As NYU economist Jason Furman wrote in Slate by way of crushing Barbara Ehrenreich in a debate about the effect of Wal-Mart on America’s working class:

A range of studies has found that Wal-Mart’s prices are 8 percent to 39 percent below the prices of its competitors. The single most careful economic study, co-authored by the well-respected MIT economist Jerry Hausman, found that grocery sales by Wal-Mart and other big-box stores made consumers better off to the tune of 25 percent of food consumption. That doesn’t mean much for those of us in the top fifth of the income distribution—we spend only about 3.5 percent of our income on food at home and, at least in my case, most of that shopping is done at high-priced supermarkets like Whole Foods. But that’s a huge savings for households in the bottom quintile, which, on average, spend 26 percent of their income on food. In fact, it is equivalent to a 6.5 percent boost in household income—unless the family lives in New York City or one of the other places that have successfully kept Wal-Mart and its ilk away.

Why does the Chicago City Council insist on harming workers by denying them their moral right to enter into work agreements on terms they find acceptable? Why does the Chicago City Council want to keep things from getting better for its city’s poor?

Mercantilist Logic Flounders at Sea

The good news from the listing cargo ship near Alaska’s Aleutian Islands is that all 23 crew members were plucked safely from the ship by helicopter last night. (See news story.) The bad news is that the 5,000 cars aboard the ship bound from Japan to Canada may not survive the mishap.

Come to think of it, would it be such bad news if those 5,000 cars sank to the bottom of the ocean? According to the mercantilist mindset that seems to dominate Washington’s discussion of trade policy, the loss of merchandise in transit from one country to another may be the best of all possible worlds.

Mercantilism is a centuries-old approach to trade that believes that exports are the big payoff from trade and imports a burden. By definition, then, a trade surplus signals success for trade policy and a trade deficit failure.

From a mercantilist point of view, then, the loss of those 5,000 cars at sea should be a blessing to the global economy. The people of Japan would have occupied themselves producing those 5,000 cars for export, while the people of Canada would not have shoulder the “burden” of accepting them as imports.
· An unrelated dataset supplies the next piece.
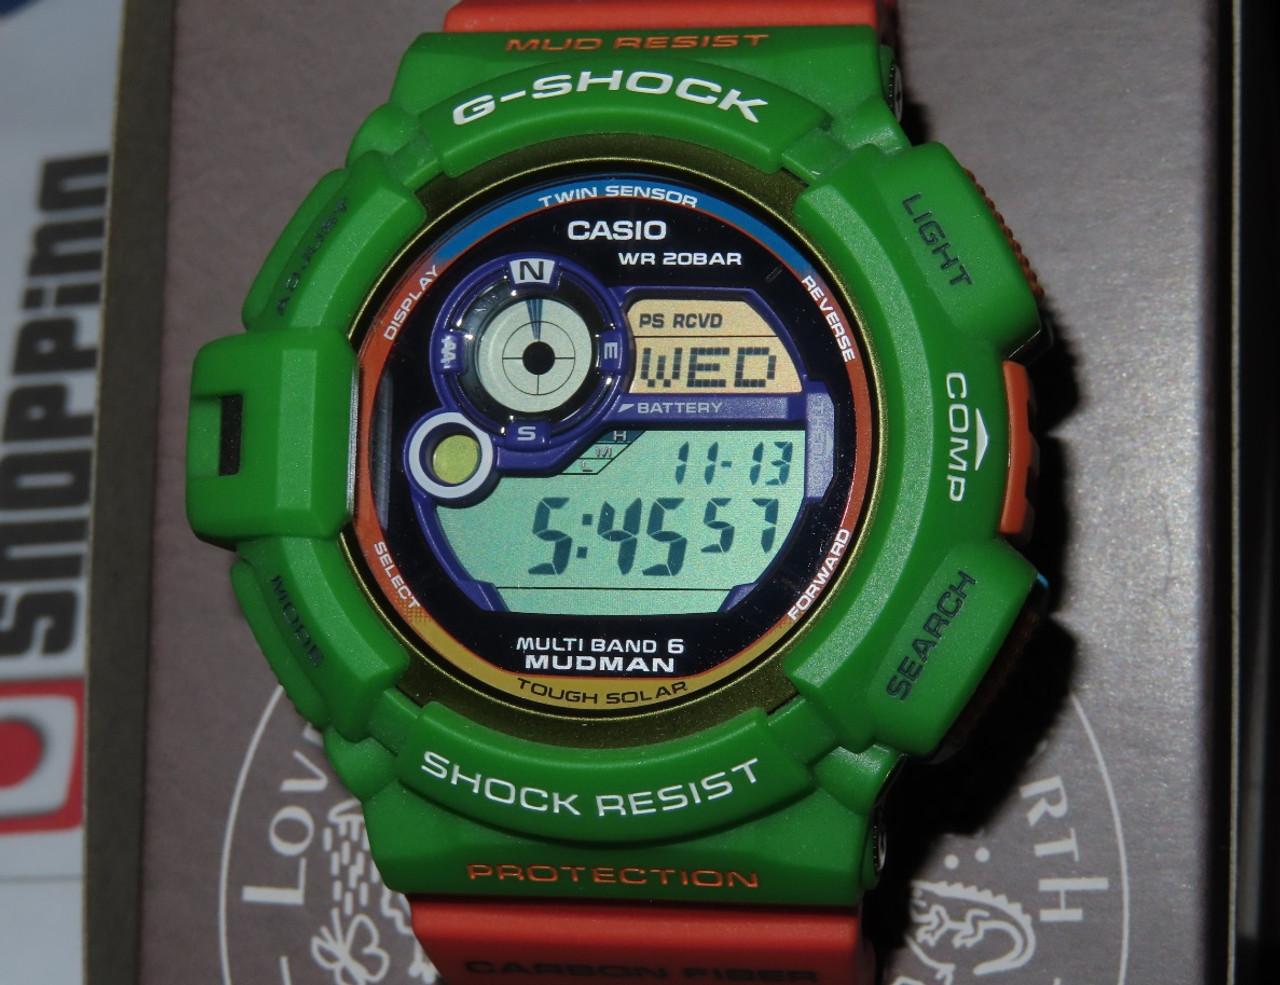 GW-9300K-3JR

Japan can add to its trade surplus without Canada being forced to suffer a deficit.

The great French economist Frederic Bastiat exposed this fallacy more than 150 years ago in an essay, “The Balance of Trade” (Chapter 6 of his Economic Sophisms). If the mercantilists are right, we should all be praying for bad weather in the sea lanes carrying all those cars, shoes, shirts, and laptop computers to our showrooms and store shelves.

Doha Ends With a Whimper

The Doha Round of trade talks has been suspended indefinitely. What was billed as an historic opportunity to liberalize trade through multilateral negotiations has ended with no deal in sight. Now, get ready for the blame game, a kind of “press-releases-at-dawn” duel between the US and the EU, with a few comments from other players thrown in for good measure. For starters, you can see the US version of events through the USTR and the EC (link requires subscription) provided a 9 page document describing how much they had done to get a deal concluded.

Of course, none of this necessarily means the end of trade liberalization, and to this end we can expect after the finger-pointing has ended a revival of the seemingly endless debate on whether bilateral or multilateral liberalization is best. But, as my colleague Dan Ikenson argued in his recent paper on unilateral liberalization, the US can do itself a big favor, and in the process gain some much needed foreign policy credibility, by unilaterally reducing tariffs and subsidies.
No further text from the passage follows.